The --species option is required.
Example:
mixcr analyze ont-rna-seq-vdj-full-length \
--species hsa \
sample.fastq.gz \
sample_result
Parse Biosciences
Parse Evercode™ single-cell
parse-bio-vdj-3gex · Link · Code
Conventional droplet-based single-cell technologies struggle as cell or experiment sizes change.

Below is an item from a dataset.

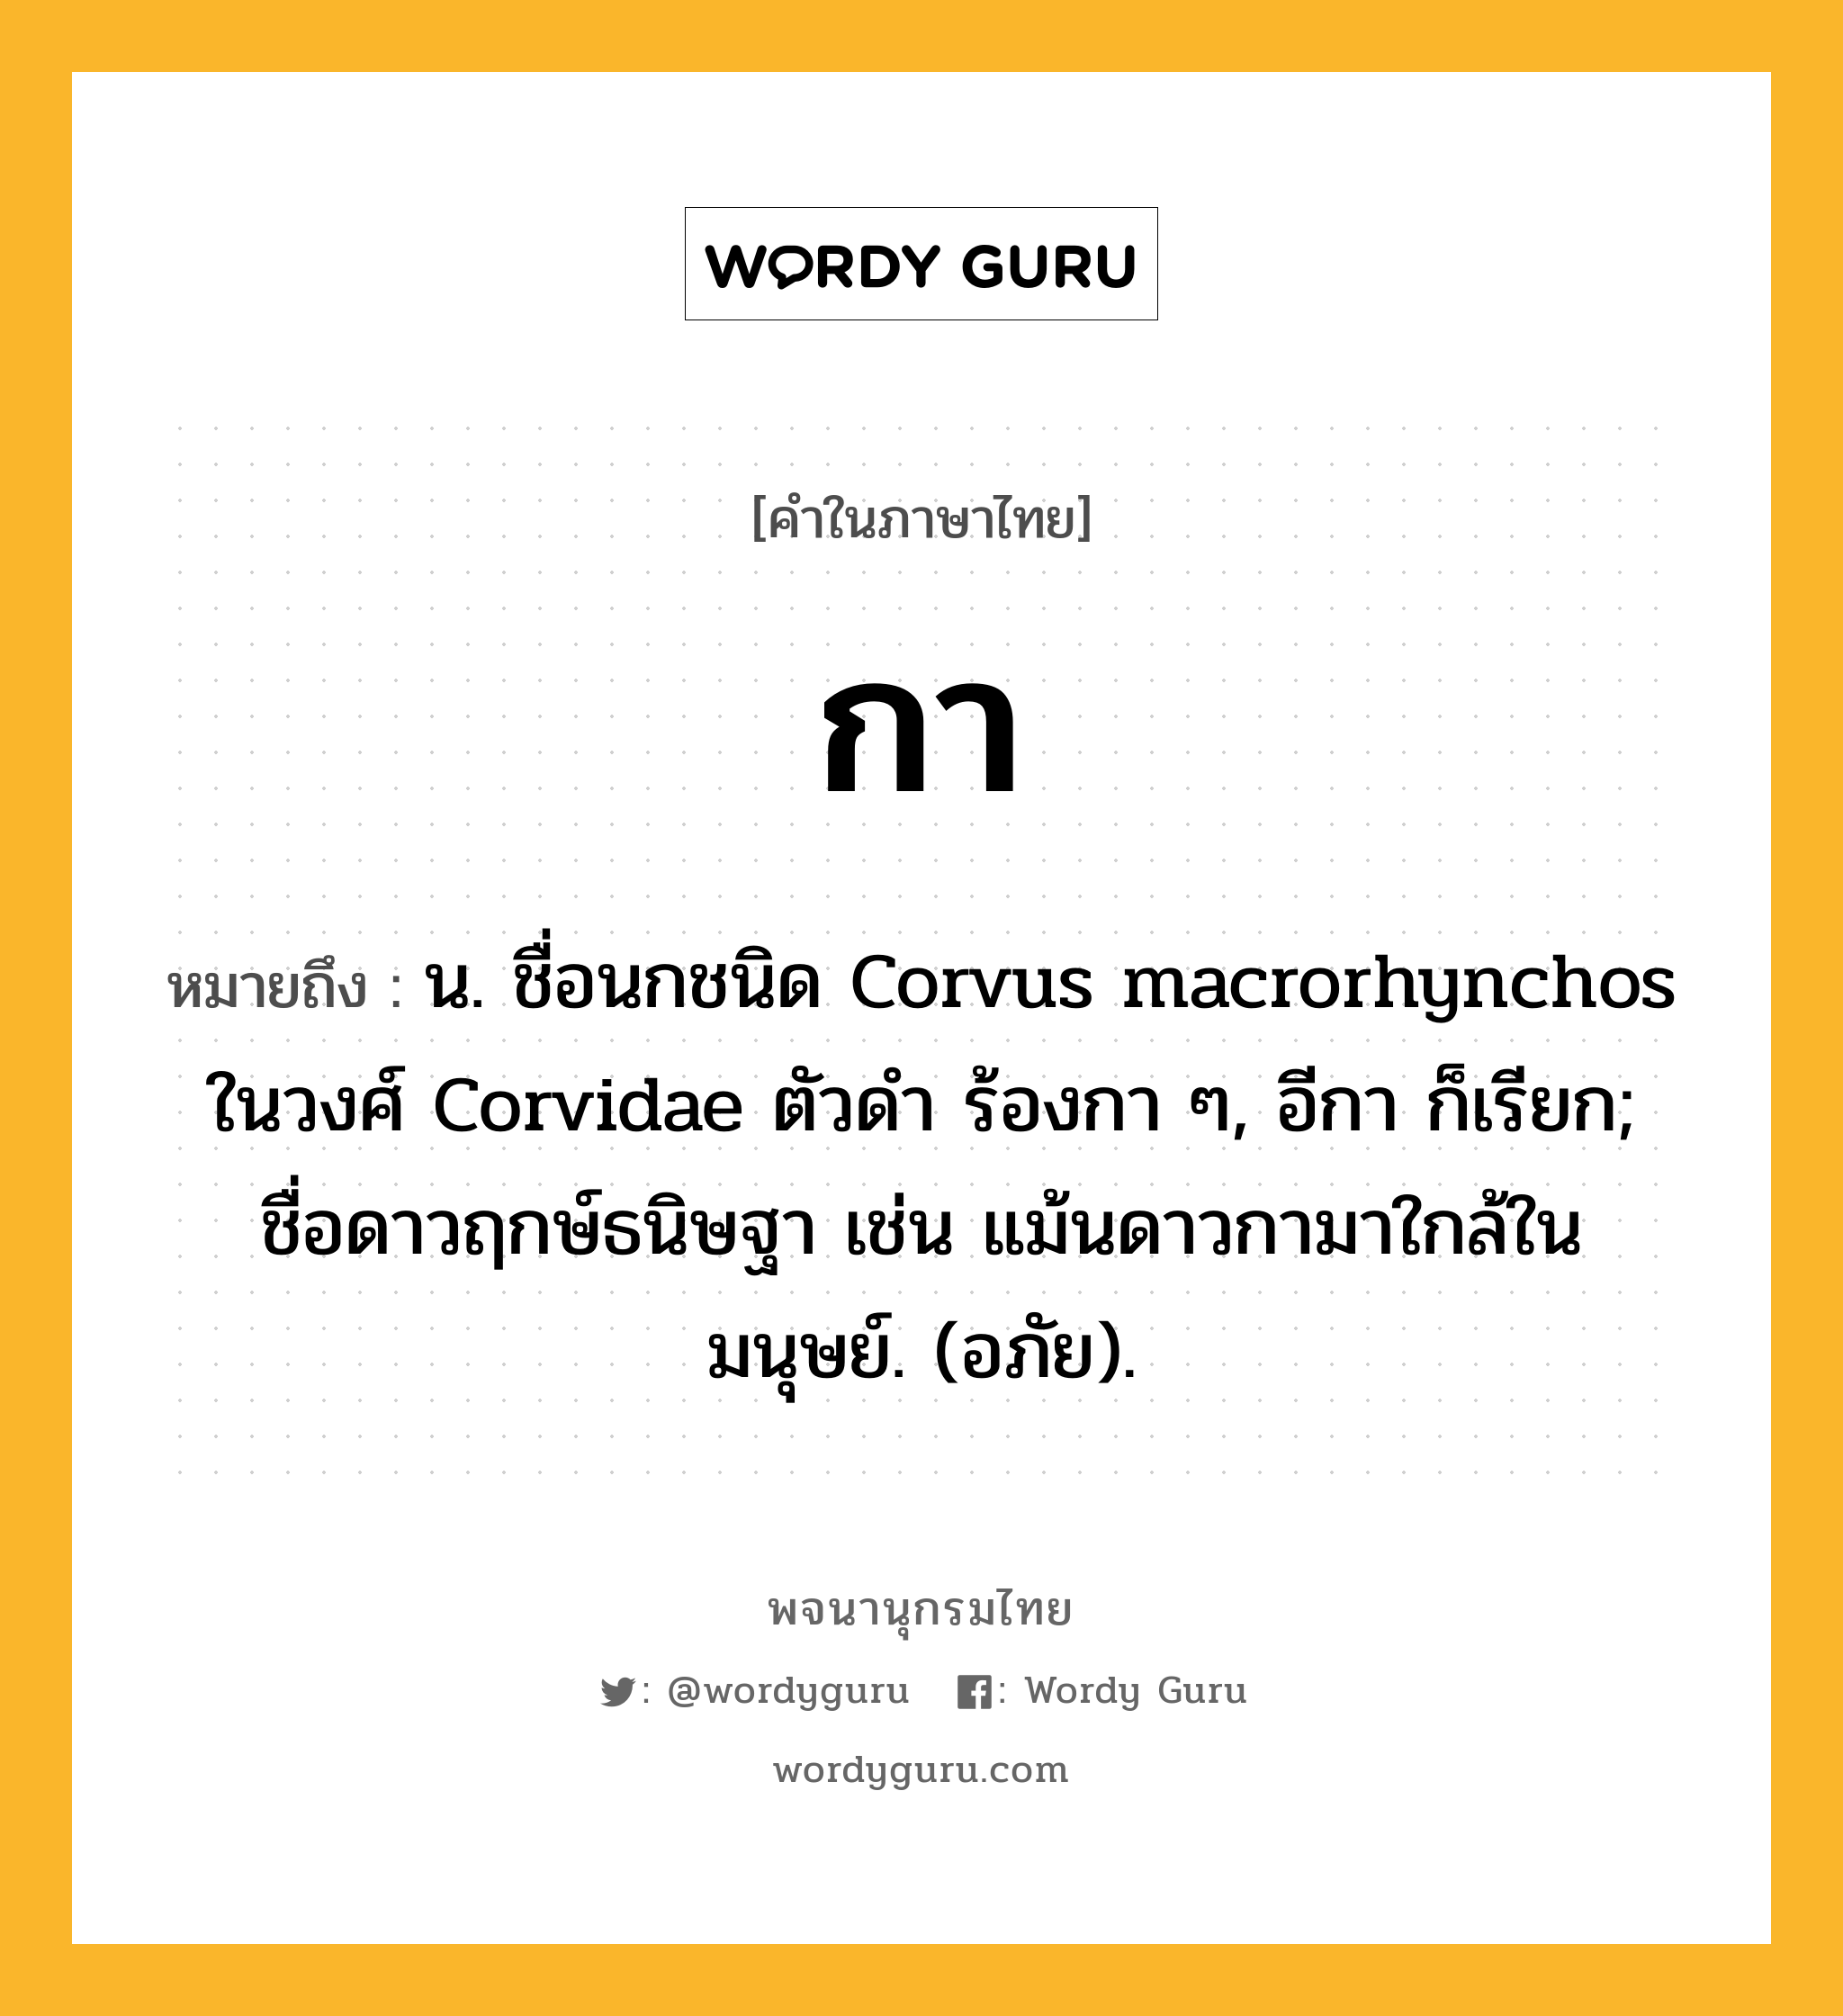 กา หมายถึงอะไร?, คำในภาษาไทย กา หมายถึง น. ชื่อนกชนิด Corvus macrorhynchos ในวงศ์ Corvidae ตัวดํา ร้องกา ๆ, อีกา ก็เรียก; ชื่อดาวฤกษ์ธนิษฐา เช่น แม้นดาวกามาใกล้ในมนุษย์. (อภัย).

Parse makes it easy to scale your experiments regardless of cell size or sample type. The Evercode™ Whole Transcriptome technology, originally based on the split-pool combinatorial barcoding method published in Science and known widely as SPLiT-Seq, is accessible to any standard biology lab. Please note that as a 3'end RNA-seq based protocol it was not originally optimized for immune repertoire analysis, thus TCR/BCR yield might be low.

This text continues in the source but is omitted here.